▶ **Task description**: Without pictures, output exactly the lines running from the line containing "Adidas Originals Climacool" to the end of the listing below.

──────── Given material ────────

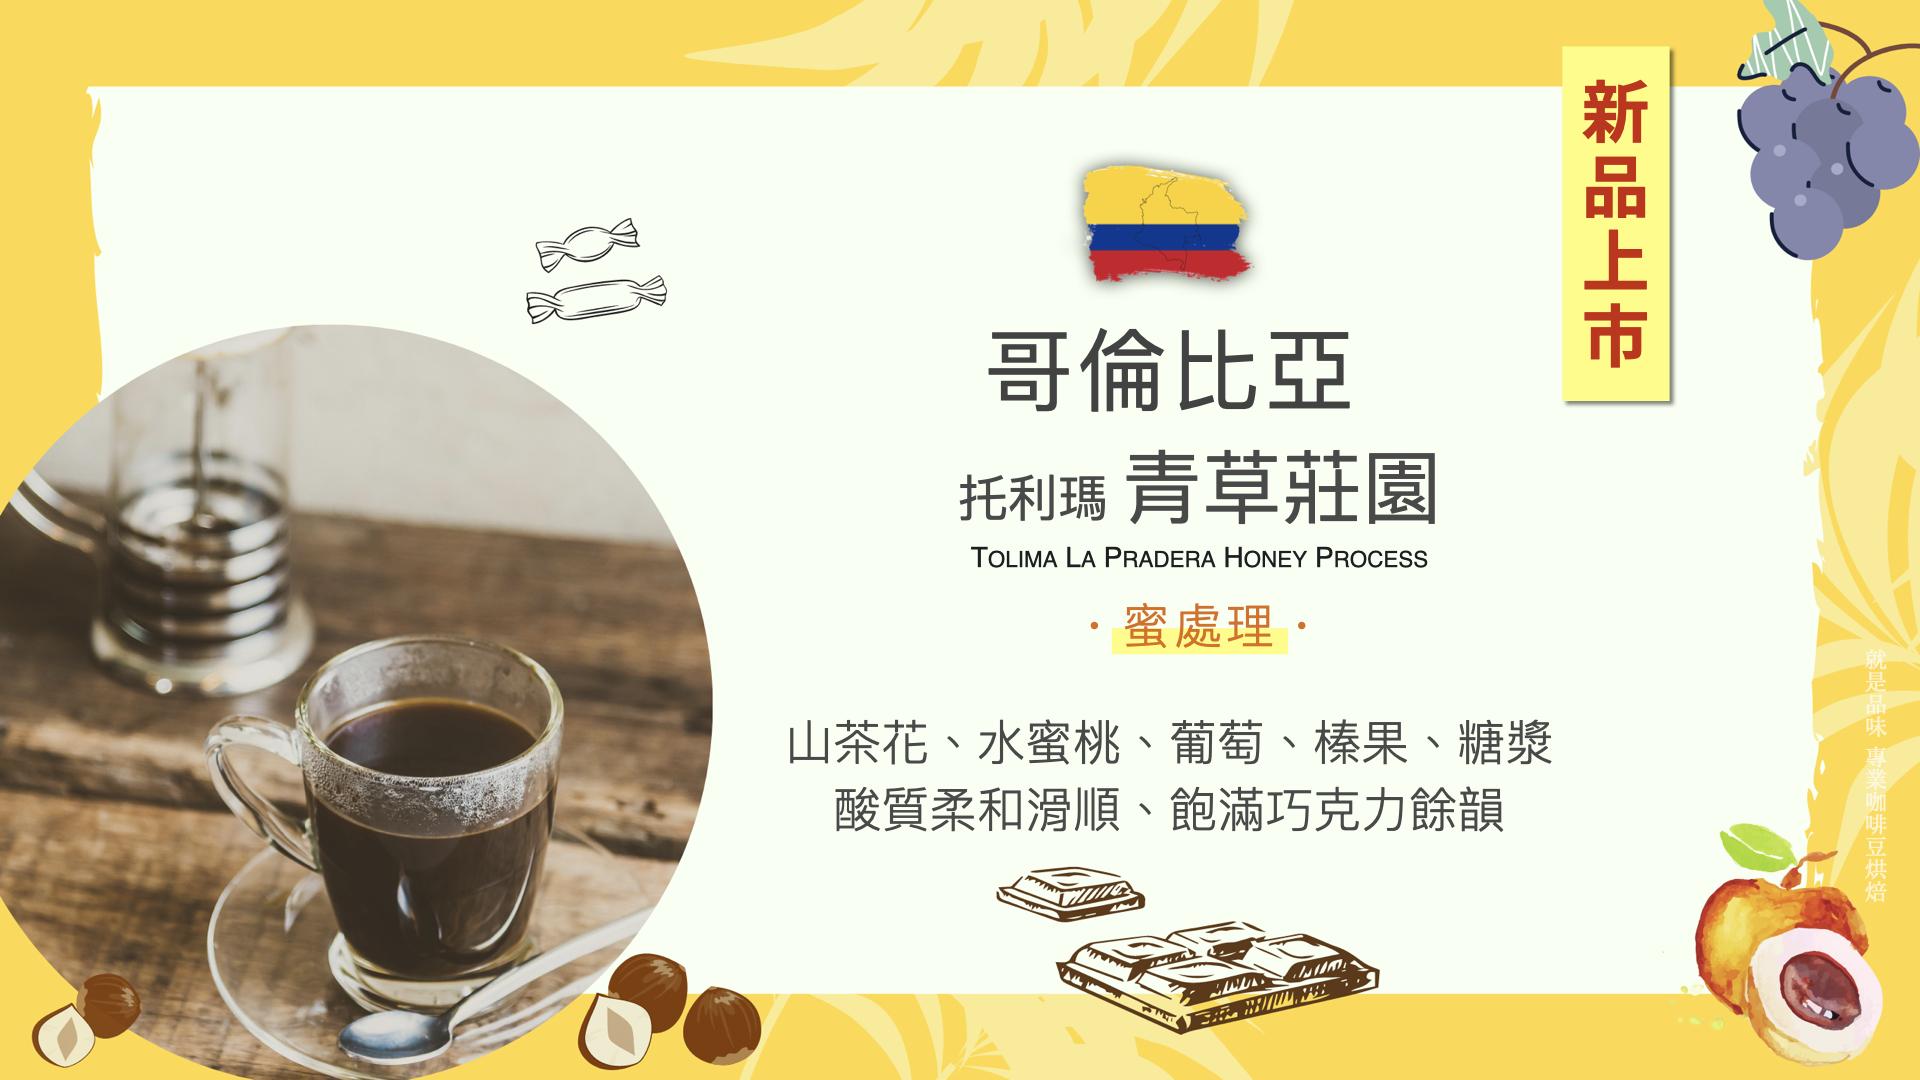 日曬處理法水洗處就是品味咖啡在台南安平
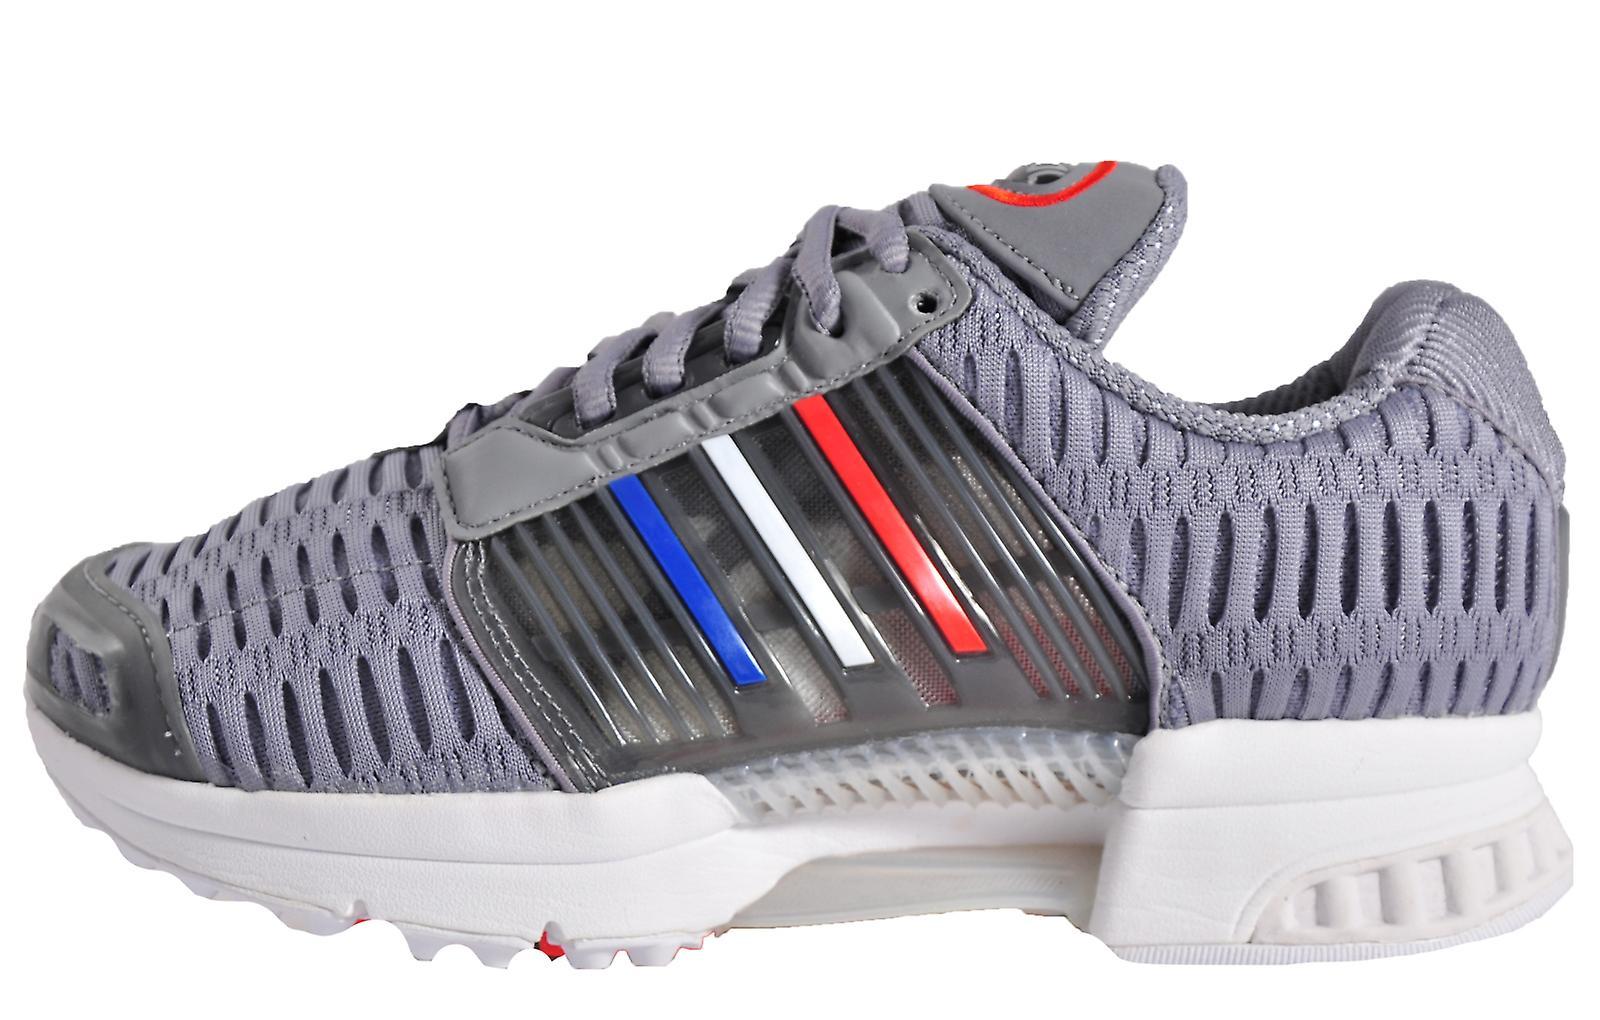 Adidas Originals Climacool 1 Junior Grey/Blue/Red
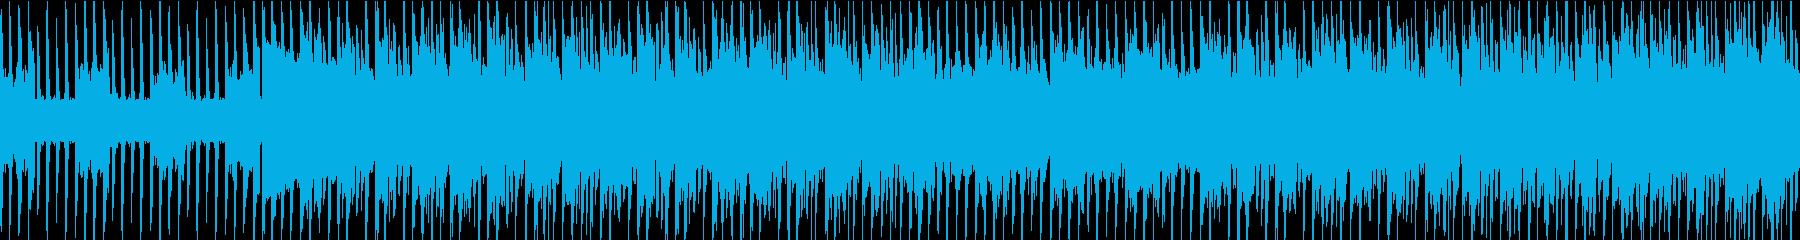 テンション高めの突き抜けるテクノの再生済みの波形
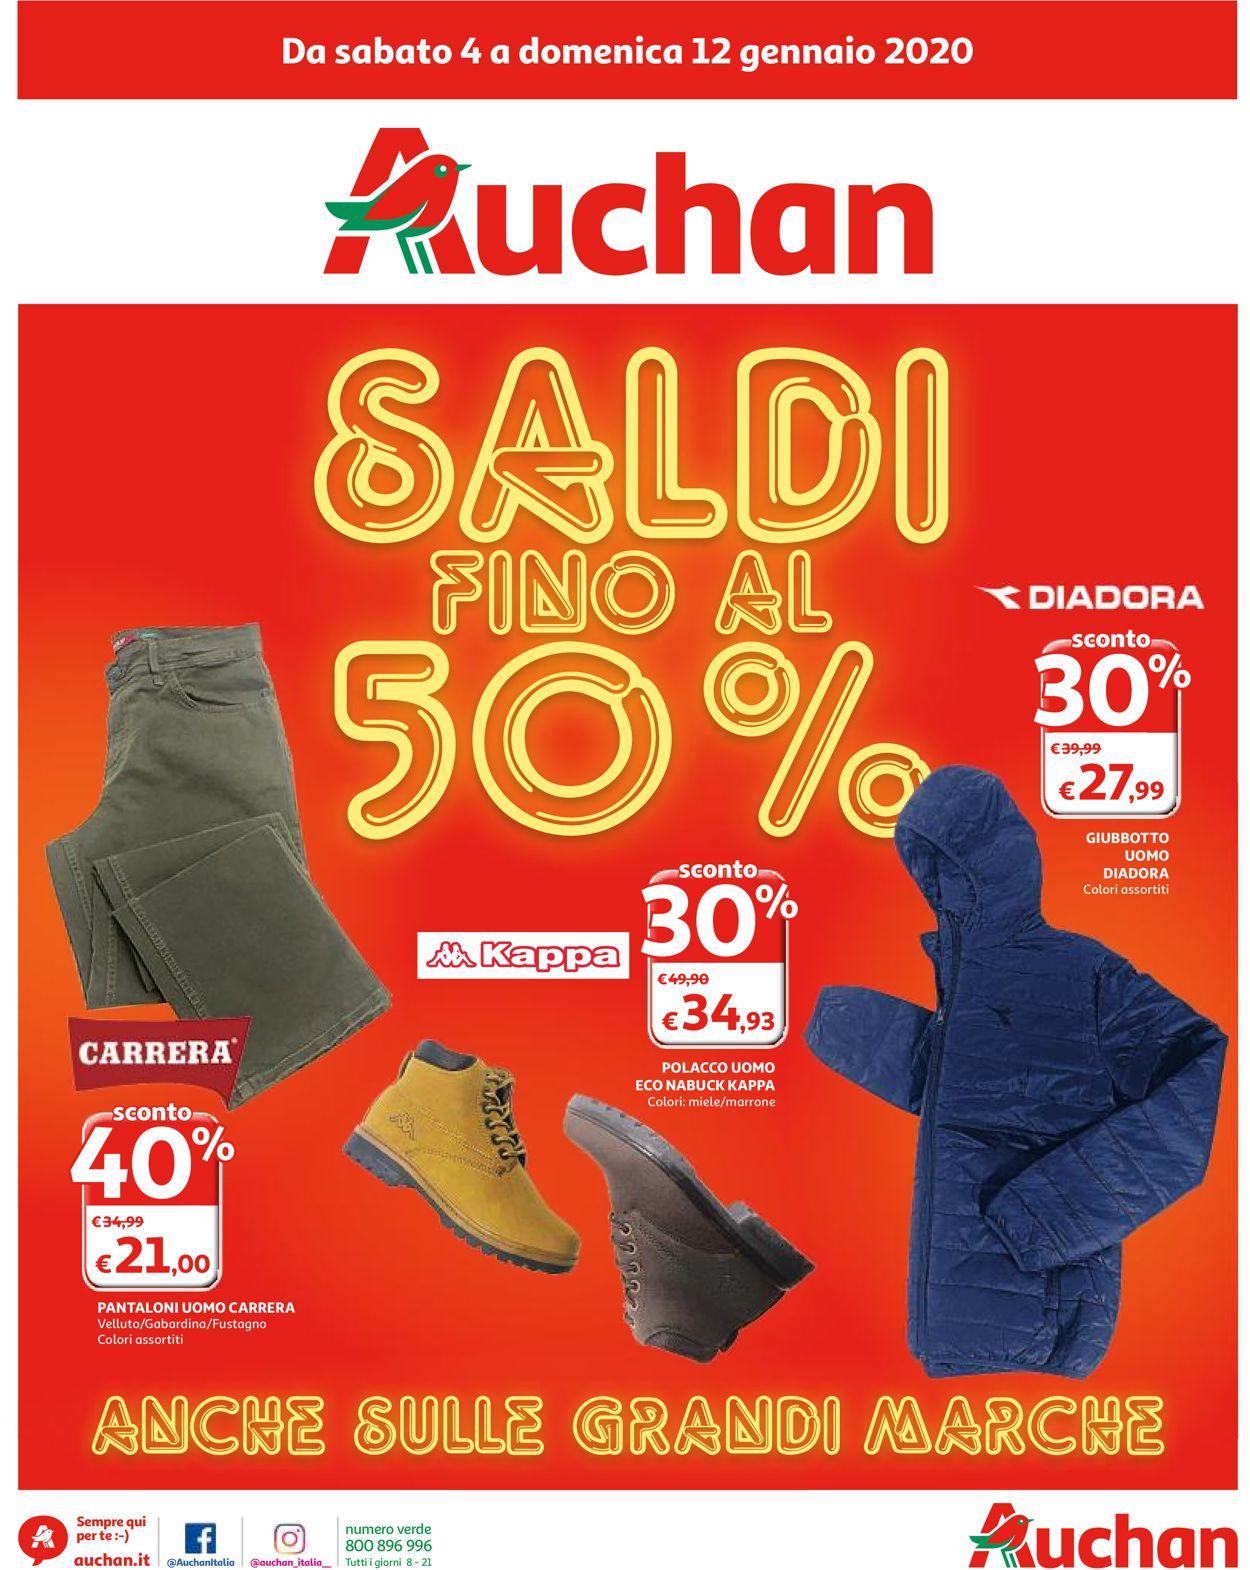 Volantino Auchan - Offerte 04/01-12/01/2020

────────

▶ **Reply**:
 Adidas Originals Climacool 1 Junior Grey/Blue/Red
 テンション高めの突き抜けるテクノの再生済みの波形
 Volantino Auchan - Offerte 04/01-12/01/2020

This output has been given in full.